Imke Wübbenhorst: Struktureller Sexismus
Daneben erzählt sie von übergriffigen Erlebnissen, wie Fans, die vorgeben, auf sie zu ejakulieren. Wübbenhorst, die gerade erstmals Mutter geworden ist, betont in dem Gespräch – wie schon in der Vergangenheit –, sie komme mit dem Erlebten klar. Gleichzeitig sagt sie, ihren Wechsel in den Fußball der Frauen genieße sie auch deshalb, weil sie neben dem Platz nicht mehr auf diese Art kämpfen müsse. Sie habe solche Bemerkungen irgendwann nicht mehr weglächeln können. Die emotionale Belastung äußerte sich an einem Zeitpunkt sogar körperlich. Die Eltern – Mutter Kerstin ist im zweiten Teil des Gesprächs dabei – sind seinerzeit voller Sorge um die Tochter.

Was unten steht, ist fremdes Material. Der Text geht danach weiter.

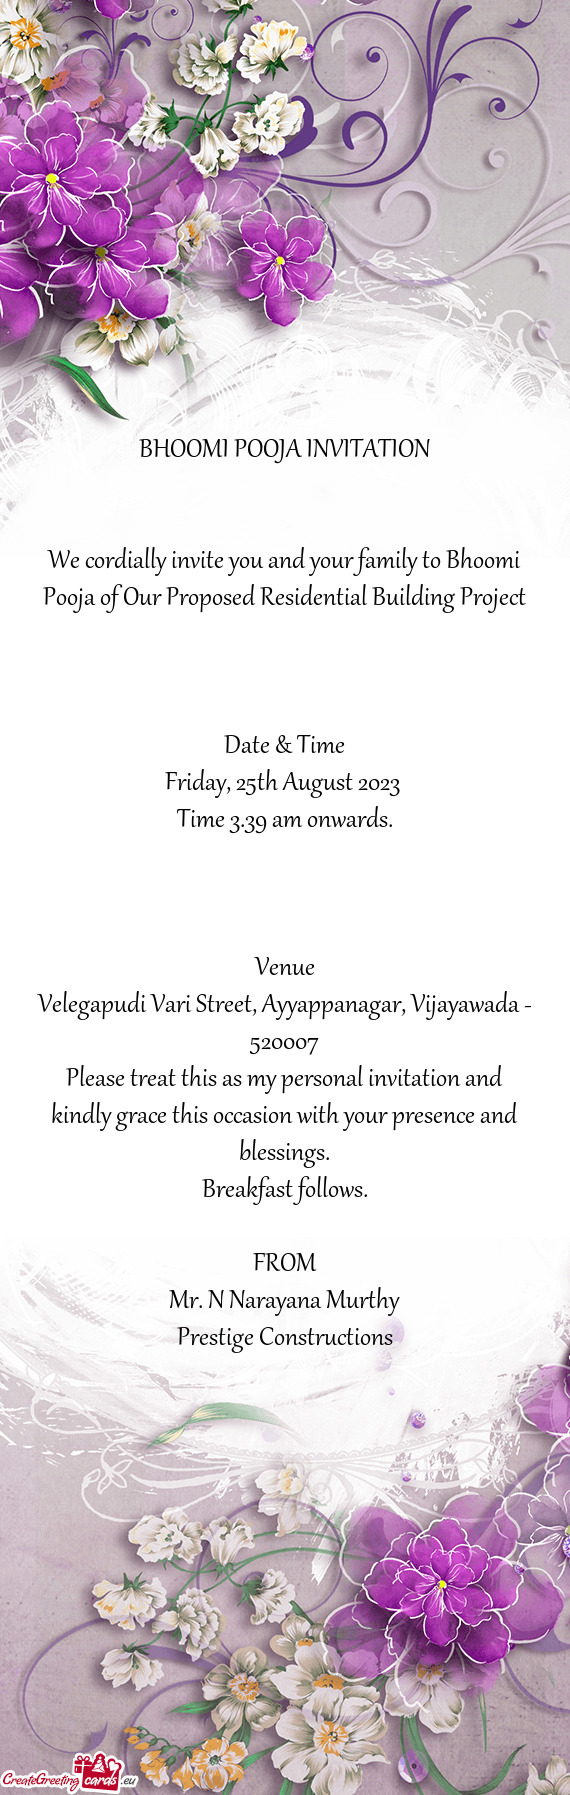 We cordially invite you and your family to Bhoomi Pooja of Our Proposed Residential Building Project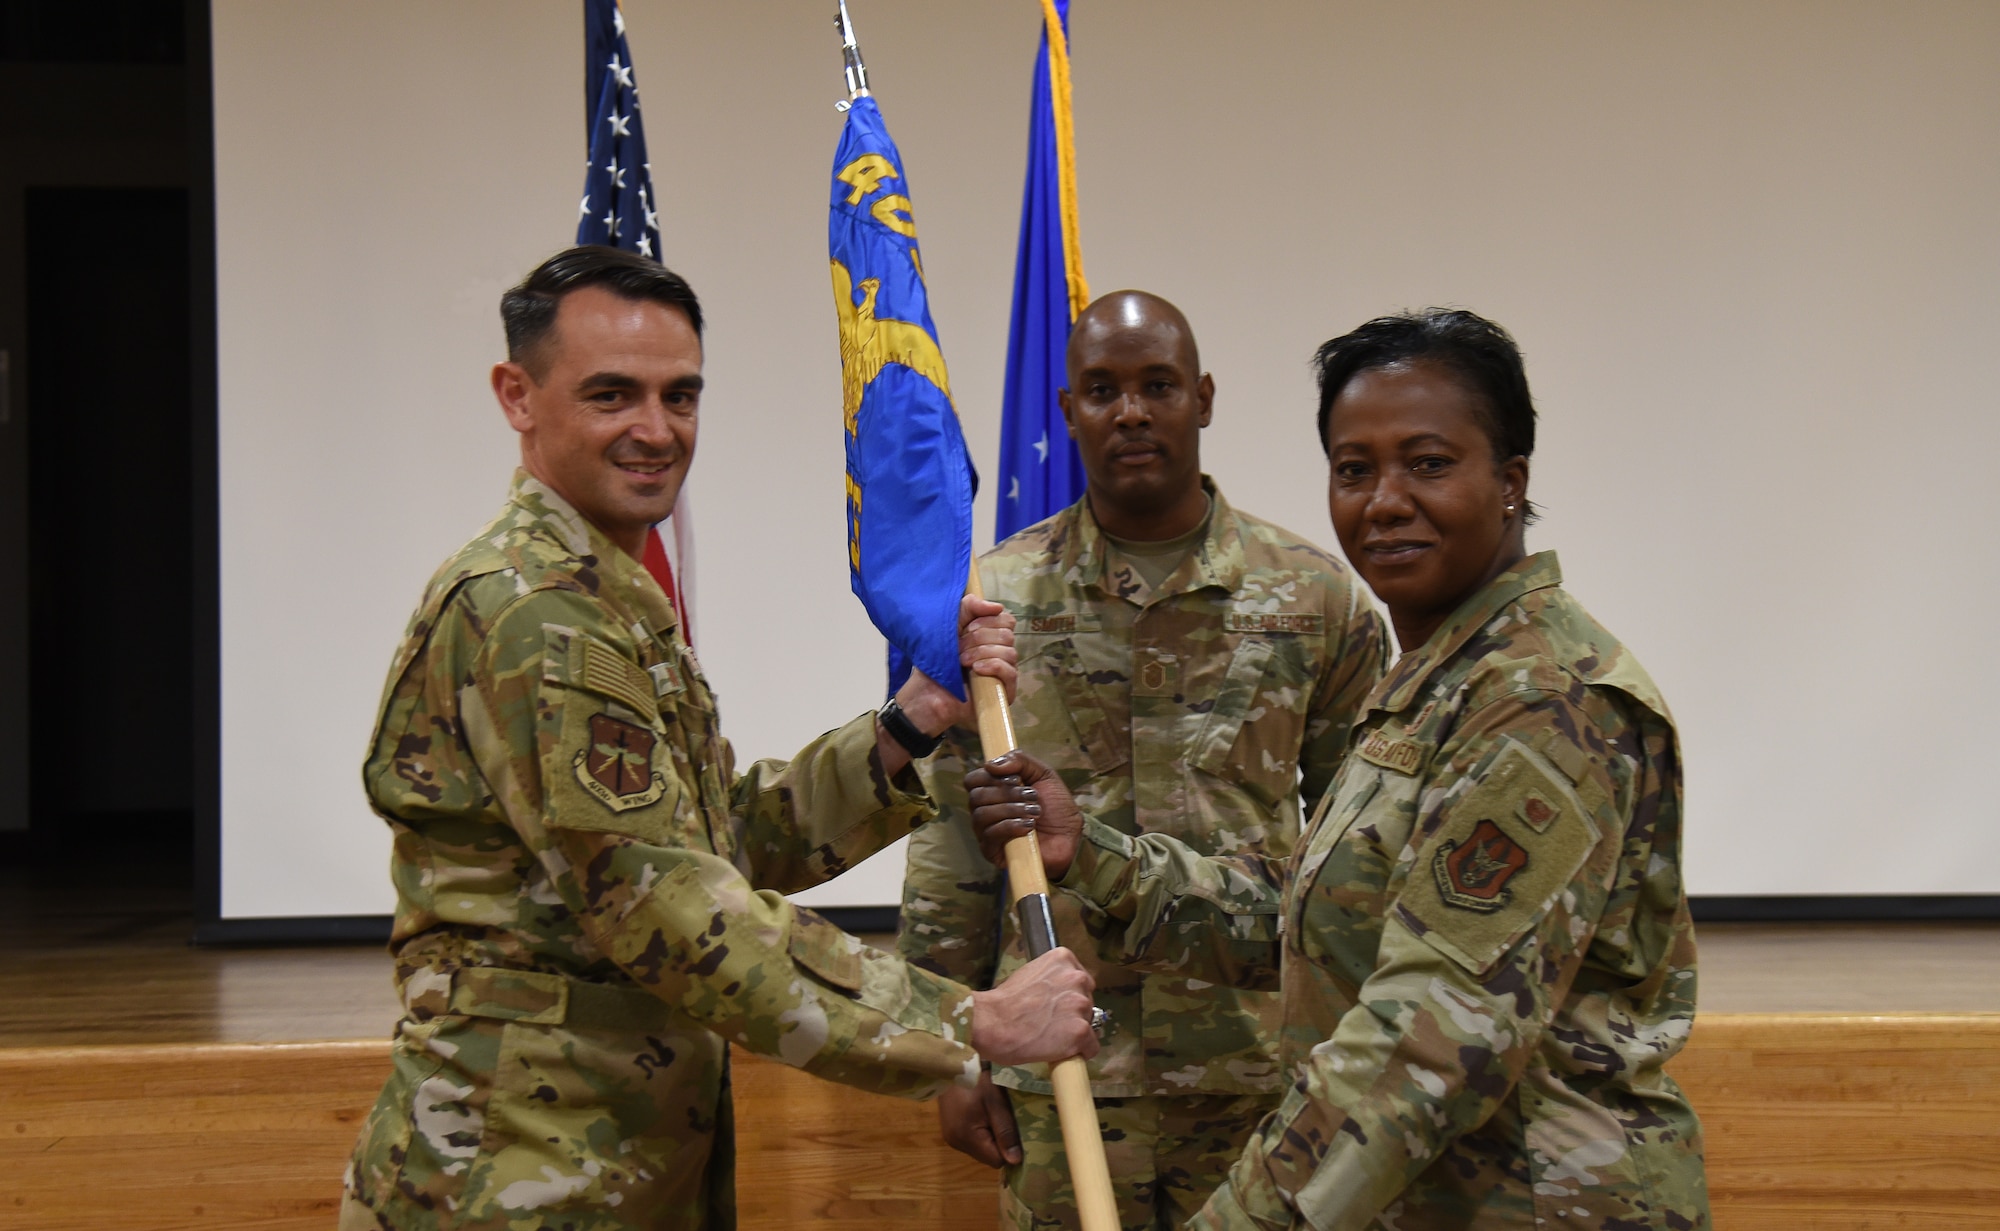 Col. Rubio and Col. Collier each hold onto the guidon flag. A third Airman is in the background

Wübbenhorst ist Pionierin wider Willen, auch das betont sie immer wieder. Ihre Rolle als Vorbild hat sie erst mit der Zeit angenommen, dass sie es getan hat, ist eine gute Nachricht für andere Frauen im Fußball. Denn sie eint der Wunsch, einfach ihren Job machen zu können, ohne dabei ständig Hindernisse in den Weg geschmissen zu bekommen, während Verantwortliche im Fußball gemeinsam mit den Thekengünthers dieser Welt das Märchen weiterspinnen, Gleichberechtigung sei Realität und Qualität setze sich durch.
Beide, Flury und Wübbenhorst, sind nicht nur in ihren Jobs, sondern zudem mit ihrer Offenheit und ihrem Mut Vorbilder. Dass es diesen Mut überhaupt braucht, ist ein gesamtgesellschaftliches Problem.